A coffee with Kafka

A few months ago I got in touch with Kafka – the message broker Apache Kafka rather than Franz Kafka the novelist.
Apache Kafka is simply a message broker which claims to be:

  • Fast – Hundreds of MB r/w per second from thousands of clients
  • Scalable
  • Central data backbone – Data streams are partitioned and spread over a cluster of machines
  • Durable – Messages are persisted on disk and replicated within the cluster
  • Fault-tolerance – Cluster-centric design

First cup and sketch

Digging into the documentation was quite straight forward. Even walking through the Quick Start and setting up the first tiny 2 node cluster was possible by just doing what is outlined. But Kafka depends and relies on Apache Zookeeper, so this tool has to be installed first. Besides that, Kafka comes with dozens of parameters to configure dealing with the complexity of a distributed system. A few console-tools exist to administrate Kafka like creating topics as well to produce messages and to consume messages from a topic.
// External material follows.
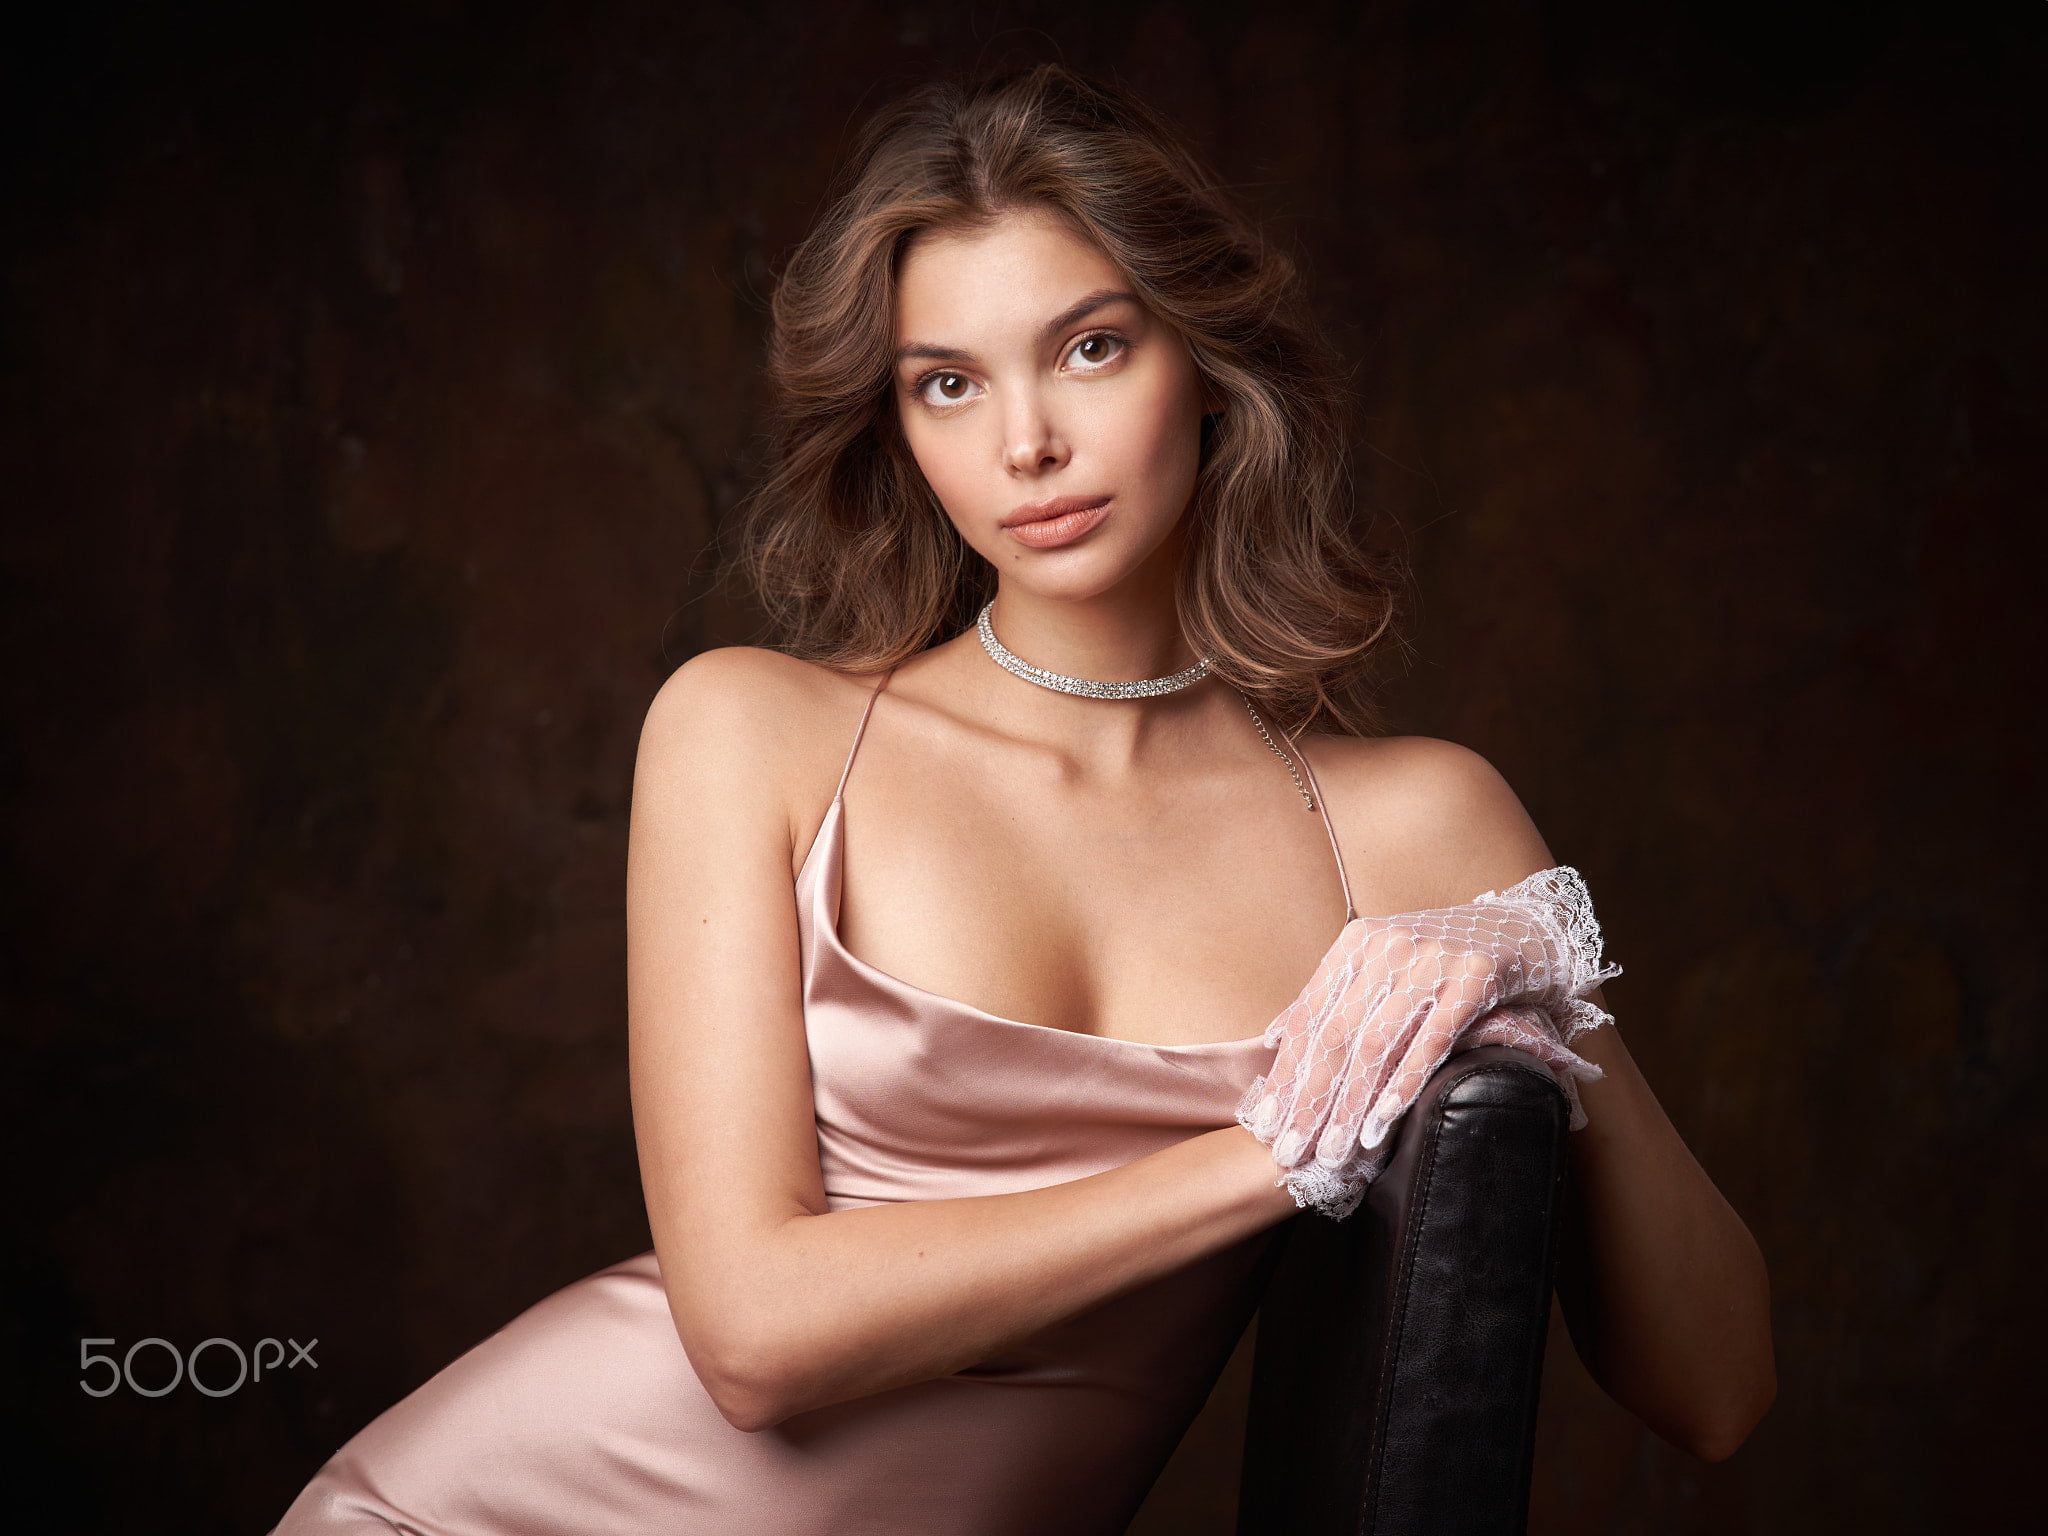 Free Download Hd Wallpaper Alexander Vinogradov Women Brunette Looking At Viewer Makeup
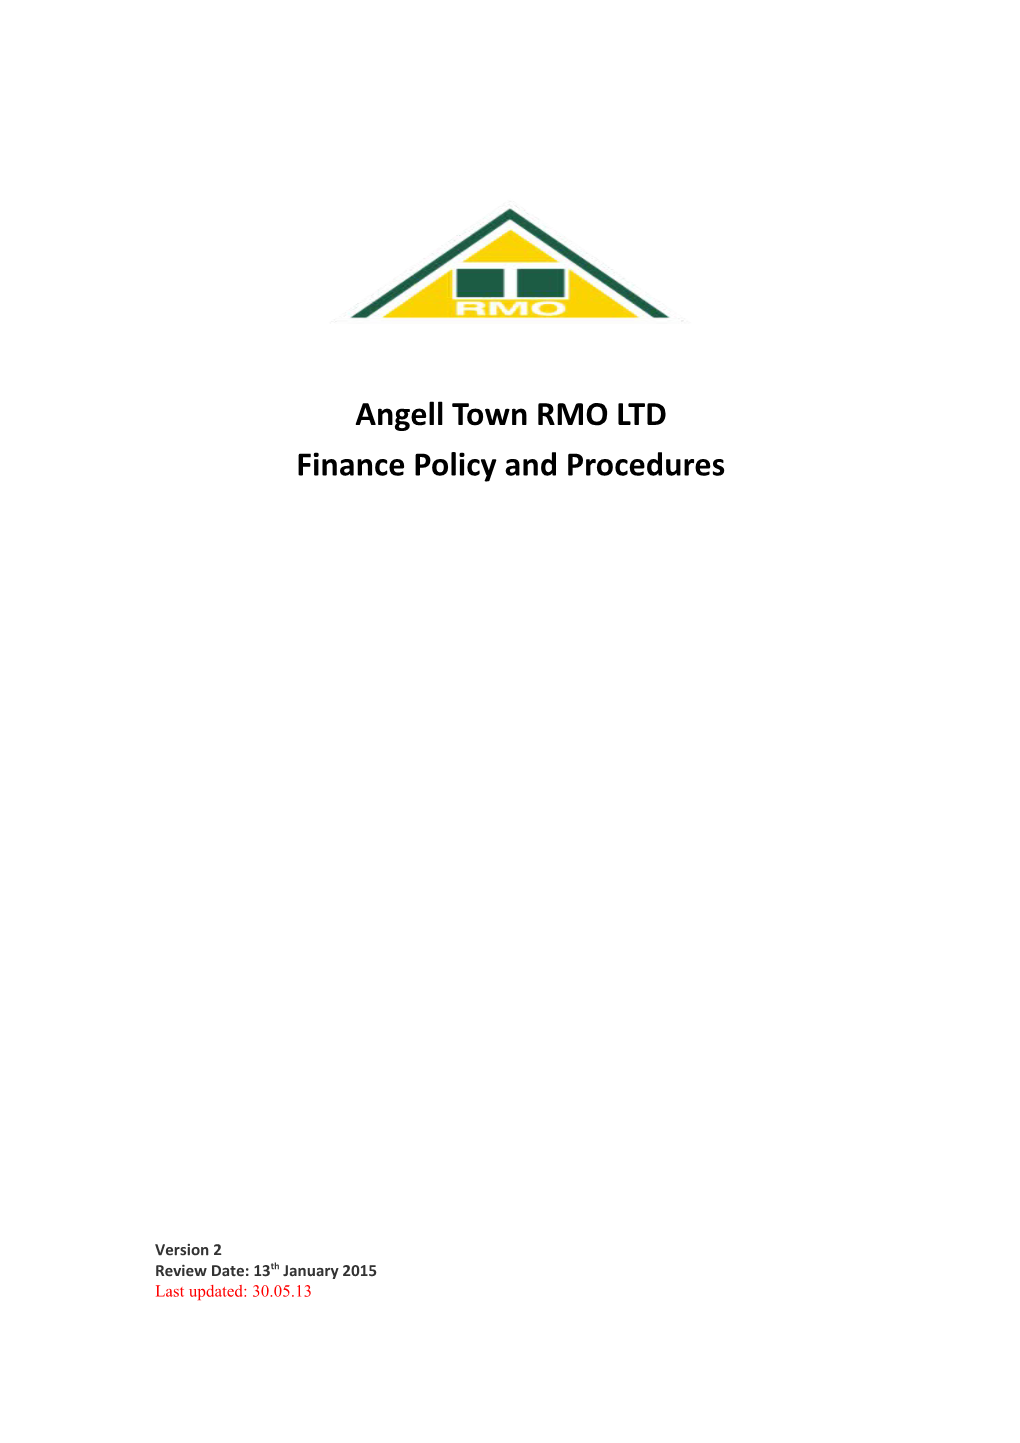 Angell Town Estate Management Board

In version 0.8x three APIs are provided to send(produce) and receive(consume) messages from Kafka. One to produce messages and two to consume messages from Kafka. The producer API is quite handy. A Highlevel API provides a simple way to consume massages and hides the complex details, but has limited control. A Simple API provides full control to consume messages, but the integration code works on a low-level. Quite frankly the Simple API should be named „Complex API“. Anyway with version 0.9x a new client API will be shipped which could be easier to use and could work without Zookeeper.

Log centric approach

Due to it’s distributed design and messaging concept, Kafka can be used as a central data log; providing data e.g. user activity on web-pages in realtime to several consumers.
Jay Kreps, one of the founder of Kafka at Linked-In describes this log approach and further fundamental concepts of Kafka in the following book, session and post – so I don’t want to repeat it here.

In the end this approach allows building decoupled systems emerging into an event driven system.


The ecosystem collaborating with Kafka is growing and supporting a couple of scenarios to deal with data, especially big-data in real-time.

Later in the evening Camus stopped by and claimed to be the pipeline between Kafka and Apache Hadoop. Indeed Camus, like Kafka, a project open sourced by Linked-In, can run on a Hadoop cluster. It simply consumes data, out of Kafka topics and pushes it as files, in one folder per topic, into the HDFS.
UPDATE Sept. ’15: Camus is superseded by Gobblin.